Pude ver como la tensión iba en aumento. Luego, de repente, Broadbent se echó a reír y le palmeó la espalda a Dubois.
—¡Eres un valiente, Jock! —Se volvió hacia mí y dijo tranquilamente—: ¿Quiere excusarnos un momento? Mi amigo y yo tenemos que fumar la pipa de la paz.
El departamento estaba equipado con un rincón reservado, donde había un videófono y el autosecretario. Broadbent cogió a Dubois por el brazo y le llevó hasta allí. Los dos quedaron de pie y empezaron a hablar con excitación.
Muchas veces los lugares semejantes en sitios públicos, tales como los hoteles, están lejos de ser a prueba de indiscreciones; el sonido no llega a anularse por completo. Pero el Eisenhower era un hotel de primera clase, y por lo menos en esta ocasión, el dispositivo interceptor de sonidos funcionó perfectamente; podía ver el movimiento de sus labios, pero no pude oír nada.
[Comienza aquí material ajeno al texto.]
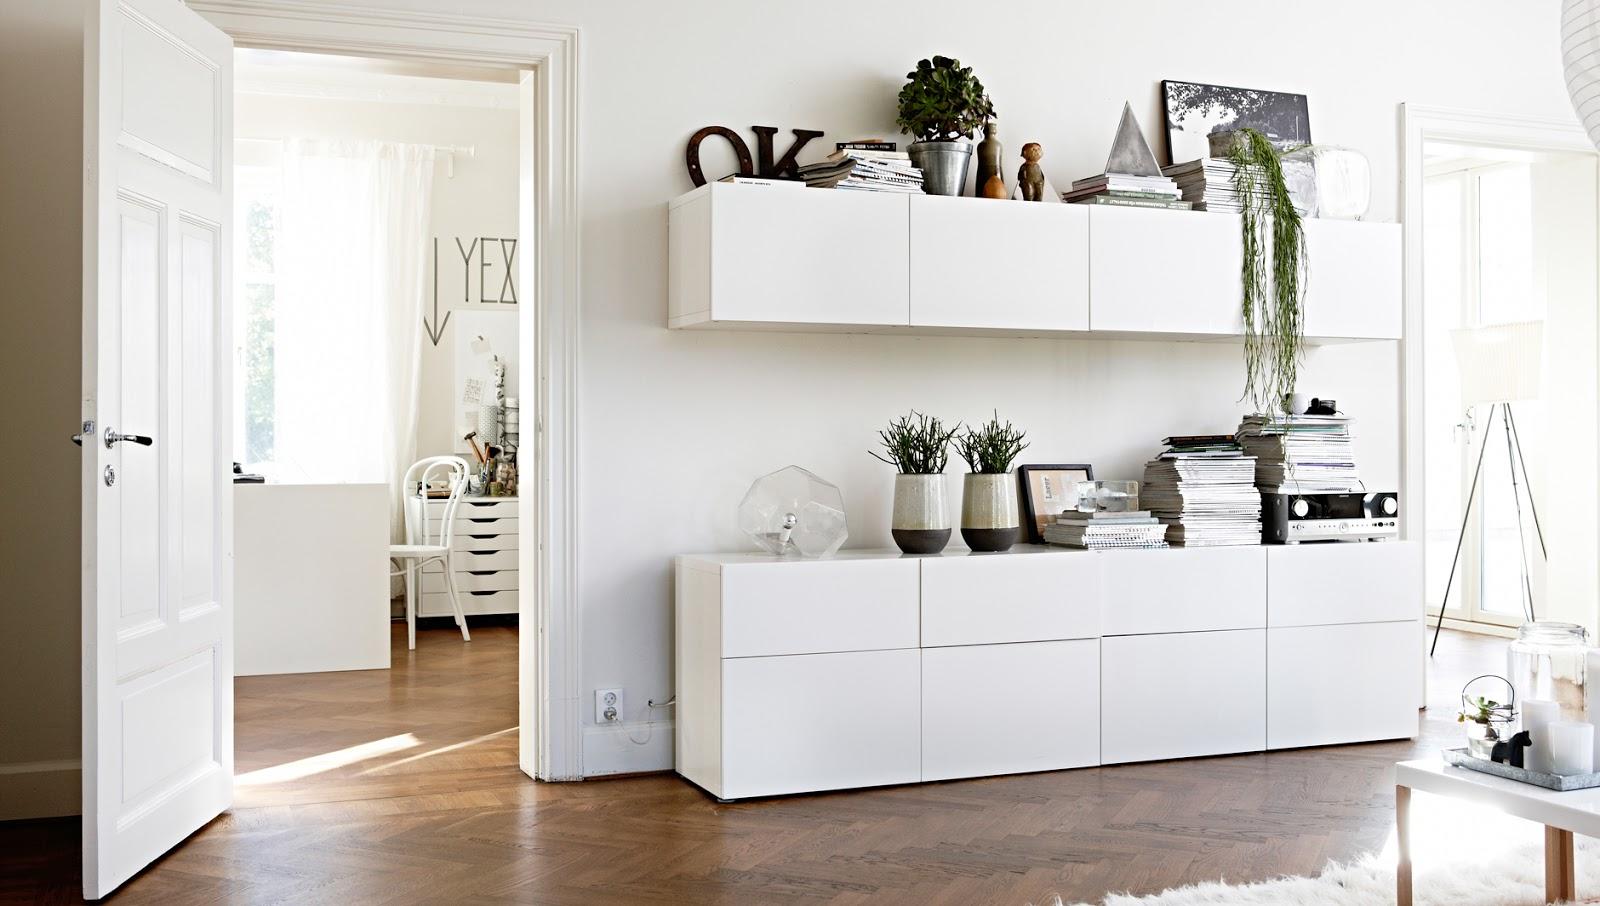 k r i s p i n t e r i r july 2013. Black Bedroom Furniture Sets. Home Design Ideas

Sin embargo, me bastaba con ver el movimiento de sus labios. El rostro de Broadbent estaba vuelto hacia mí, mientras que el de Dubois se reflejaba en un espejo de la pared. Cuando trabajaba en mi famoso acto mentalista, muchas veces di gracias a que mi padre me había calentado las posaderas hasta que aprendí el lenguaje de los labios; en esas representaciones, siempre trabajaba en una sala brillantemente iluminada y usaba unas gafas especiales que me permitían… Pero eso no importa ahora; basta decir que puedo leer las palabras en el movimiento de los labios.
Dubois estaba hablando.
—Maldición, Dak, eres el mayor estúpido que he conocido; aparte de otras cosas que no quiero mencionar por lo feas que son, ¿es que quieres que terminemos cargando rocas en Titán? Ese presumido charlatán acabará por irse de la lengua y denunciarnos a todos.
Casi me perdí la respuesta de Broadbent. ¡De modo que presumido! Aparte de una legítima apreciación de mi genio, siempre me había considerado un hombre modesto.
—No me importa que las cartas estén marcadas; no tenemos otra baraja —repuso Broadbent—. Jock, no hay ningún otro hombre a quien podamos usar.